7-8 有害物質の処理や放射性廃棄物の有効活用に道

−固体を混ぜた水溶液の放射線誘起の反応により6価クロムの廃液処理を実現−

図7-19 放射線照射した固体による水溶液中の反応促進作用

図7-19 放射線照射した固体による水溶液中の反応促進作用の模式図

 

図7-20 放射線照射した水溶液中の6価クロムの吸収スペクトル

図7-20 放射線照射した水溶液中の6価クロムの吸収スペクトル

工場廃液や環境水の酸性度(pH)の条件で溶液に放射線を照射しても、溶液中の6価クロムはほとんど減少しません(a)が、この溶液に固体を添加すると、放射線照射で6価クロムが顕著に減少します(b)。

 

図7-21 6価クロムの処理スキーム

図7-21 6価クロムの処理スキーム

従来の処理法(a)は還元剤、酸、アルカリなどの薬品を大量に使うため、コストがかかり、二次処理が必要になるなどの問題を抱えていますが、新たな処理法(b)は薬品を必要とせず、簡便で環境にやさしい方法です。

酸化物など固体の微粉末を添加した媒体(液体や気体)に放射線を照射すると、固体を消費することなく媒体中のイオンや分子の反応が促進されること(図7-19)がありますが、この作用を応用して、6価クロムを効果的に処理する方法の開発に成功しました。6価クロムは金属表面のメッキ処理、顔料や染料の製造などの原材料として工業的に利用されていますが、体内への取り込みや粘膜への付着が容易で、発ガン性で人体に有害なため、環境への排出が制限されています。開発に当たっては、放射線のみで処理できない工場廃液や環境水の条件で、薬品を使わずに効率よく処理するかを追及しました。

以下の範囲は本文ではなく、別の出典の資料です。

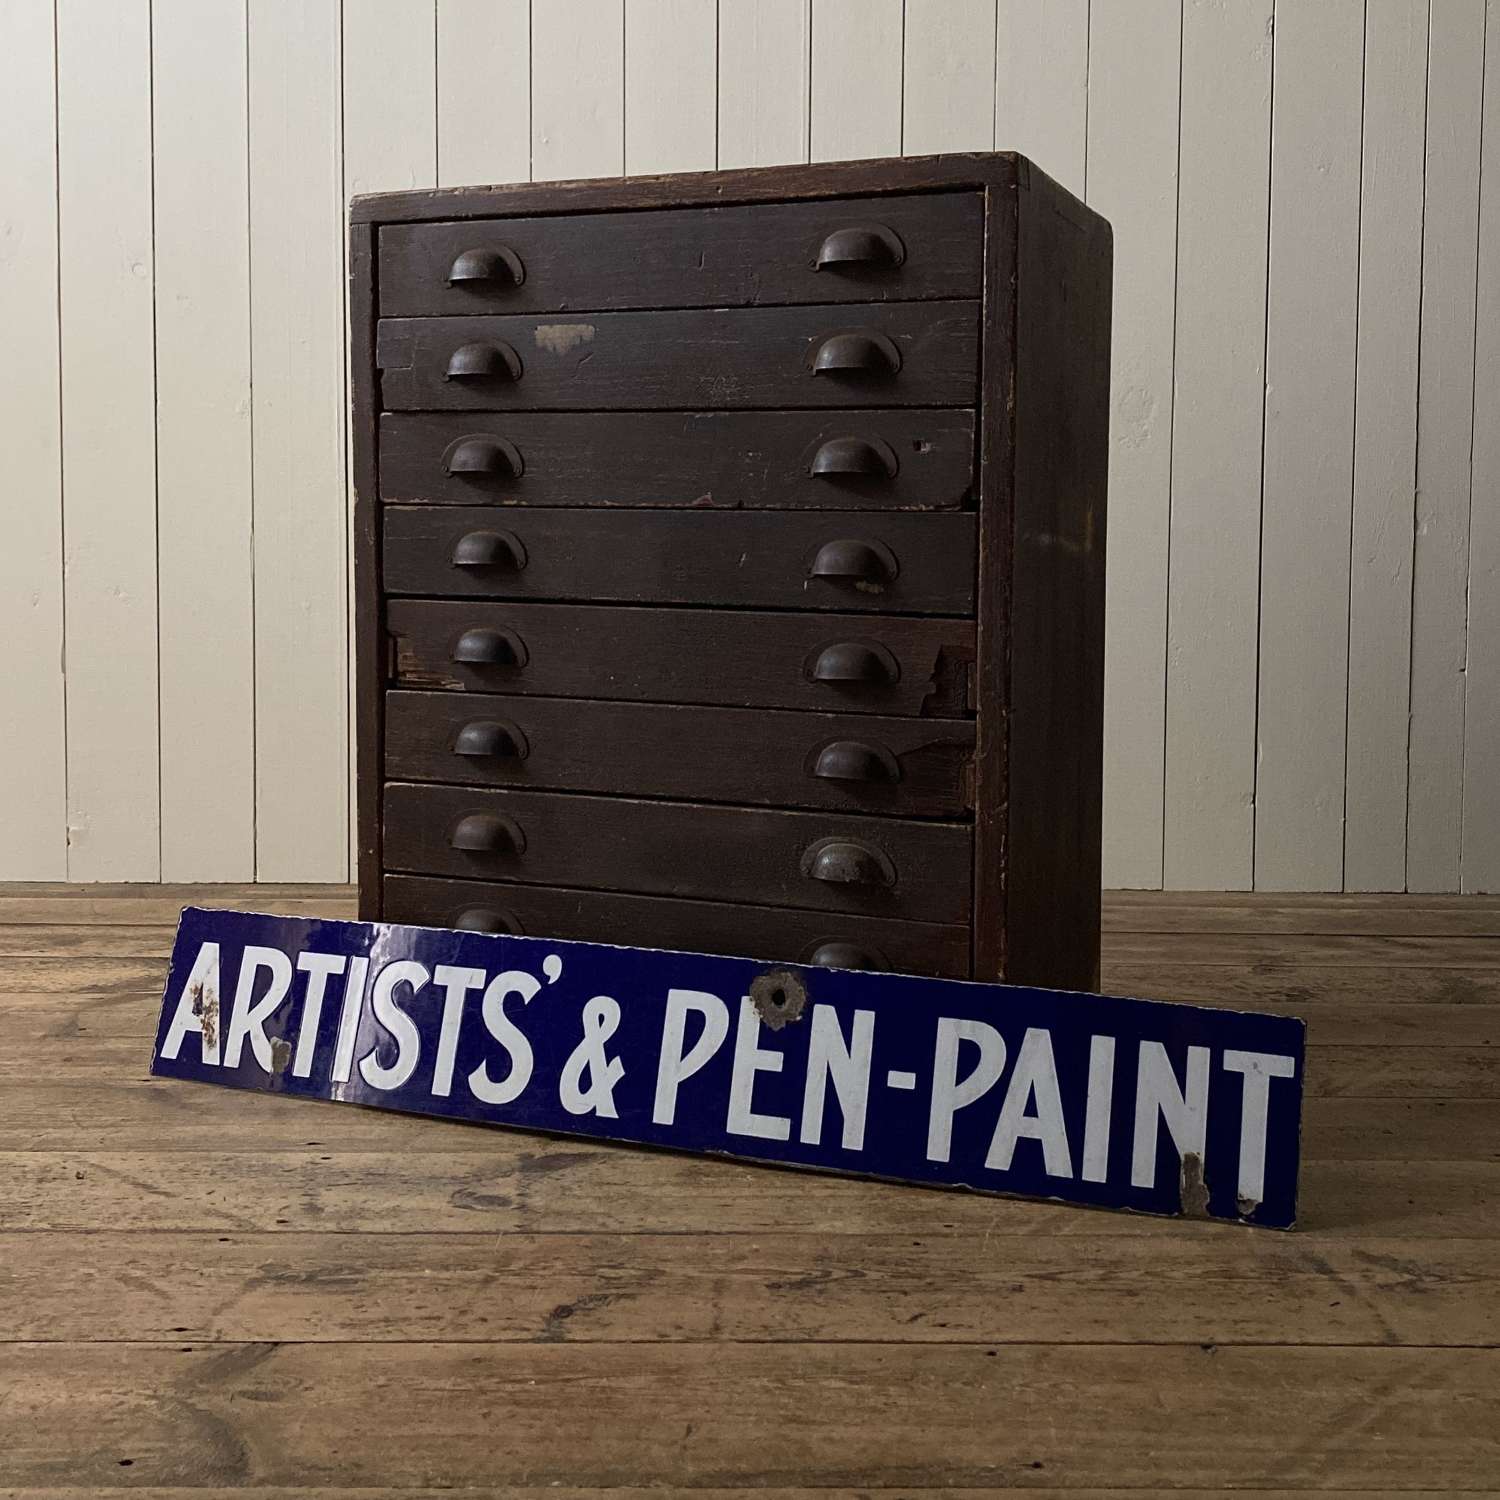 Enamel artists & pen-paint sign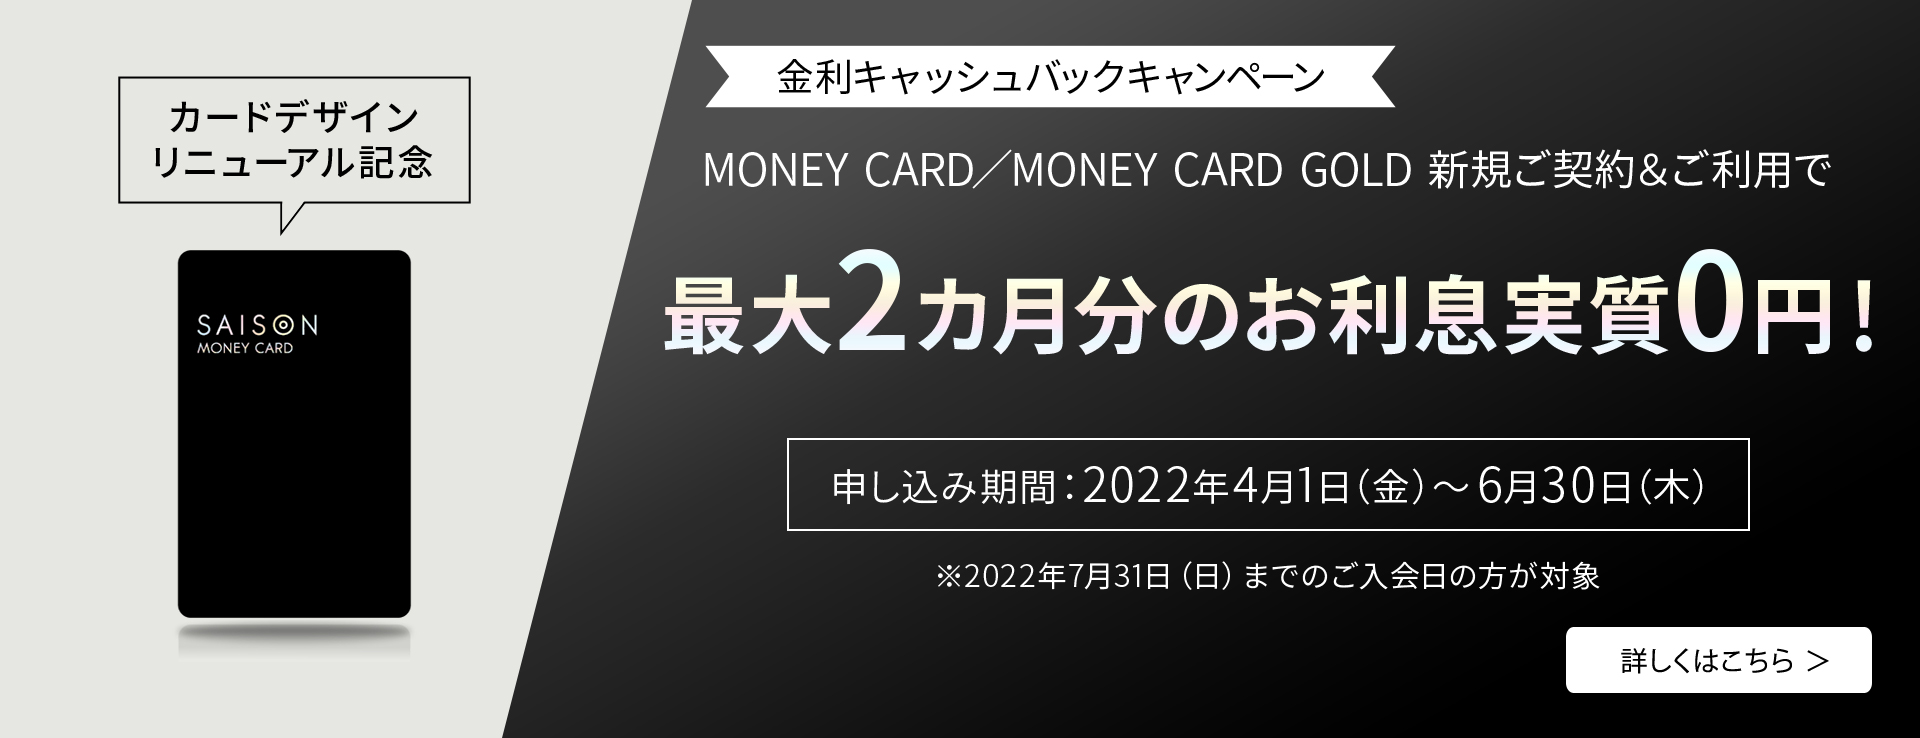 カードデザインリニューアル記念 金利キャッシュバックキャンペーン MONEY CARD／MONEY CARD GOLD 新規ご契約＆ご利用で最大2カ月分のお利息実質0円！ 申し込み期間：2022年4月1日（金）～6月30日（木）※2022年7月31日（日）までのご入会日の方が対象

新たに開発した方法は、従来の処理法に比べて(1)酸、アルカリなどの薬品を使わないため、二次処理や廃棄物を発生せずに環境への排出の基準を達成でき(図7-20)、(2)処理後のクロムが耐火レンガ、研磨剤、触媒などの有用な材料としてリサイクル可能であるため、クロムを環境へ放出しない、(3)簡素でメンテナンスが容易である、などの特長をもっています(図7-21)。

現在、これを実用化するため、地元の工場やメーカーと協力してメッキ廃液や汚染土壌など廃棄物の処理技術を開発しています。また、この方法に利用している固体による反応促進作用は、6価クロムと同様に社会問題となっているカドミウムや水銀といった有害金属や有害有機化合物などの処理、並びにクリーンなエネルギー源として期待されている水素の製造に対しても有効なので、これらを視野に入れた研究開発も同時に行っています。

ところで、この方法には放射線の発生源が不可欠です。現在はコバルト-60ガンマ線や電子線照射装置を用いていますが、将来的には“核のゴミ”として扱われてきた高レベル放射性廃棄物を用いれば、“廃棄物による廃棄物のため”の極めて循環性が高いプロセスが実現できると考え、このための研究開発にも取り組んでいます。

本研究内容は、日本学術振興会の科学研究費補助金の採択課題「放射線誘起触媒の探索とその非均質系における反応機構の解明」などの成果の一部です。


●参考文献
Nagaishi, R. et al., Radiation-Induced Catalytic Reduction of Chromium(VI) in Aqueous Solution Containing TiO2, Al2O3 or SiO2 Fine Particles, Radiation Physics and Chemistry, vol.75, no.9, 2006, p.1051-1054.